Before the comments on the session I attended, I would like to mention that the whole conference did not blew me away. I mean, it was very good: the hotel, the location, the people, our active participation with two talks and all of that. But I had every day the feeling that all of that was too much. I am not used to group gatherings of this size so that may explain. Anyway, there were great sessions going on, some of which I could not attend for work commitments. And this time around I decided to attend different types of sessions, outside my comfort zone.

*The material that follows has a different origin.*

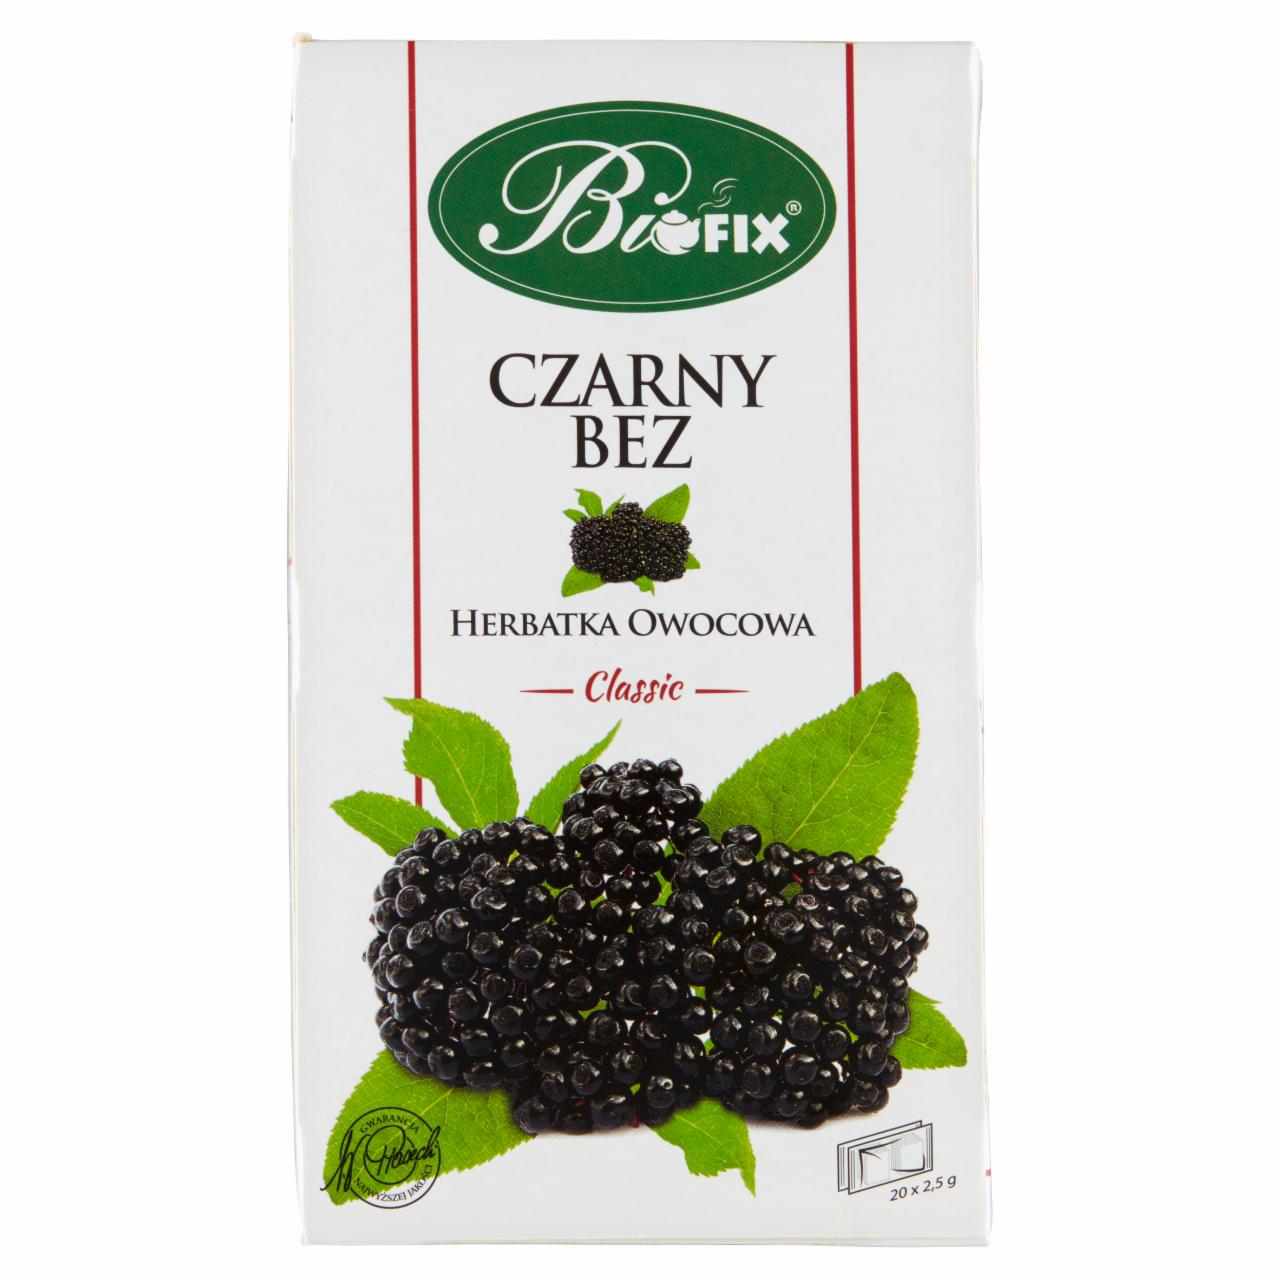 Zdjęcia - Bifix Classic Herbatka owocowa czarny bez 50 g (20 x 2,5 g)

I have learned a lot from attending the sessions described below and - not surprisingly - I came back home with more questions than answers. Happily I am still in touch with some people I met at the conference following up ideas initially discussed there. So thumbs up for me over all to the whole experience. And Toronto is a great City.
Keynotes
"The Wisdom of Crowd" by James Surowiecki
Without a doubt this was an interesting opening session. It clearly was aimed to support the speaker's book The Wisdom of the Crowd, but non-the-less new news for me. I got interested in collective intelligence when I read Programming Collective Intelligence, aimed to a more technical audience. This keynote gave me the possibility of know of another aspect of the same topic: how to extract information from a group of people when they are identified as an entity on its own. The crowd, that is.
The common way to extract information from the crowd is by aggregating information coming from the single entities in the crowd. One crucial aspect - very well discussed in this speech - though is how to make sure that "crowd" is built to maximise the chances that the aggregation of ideas can generate new information: this is a case of "the total is bigger than the sum of all the single parts"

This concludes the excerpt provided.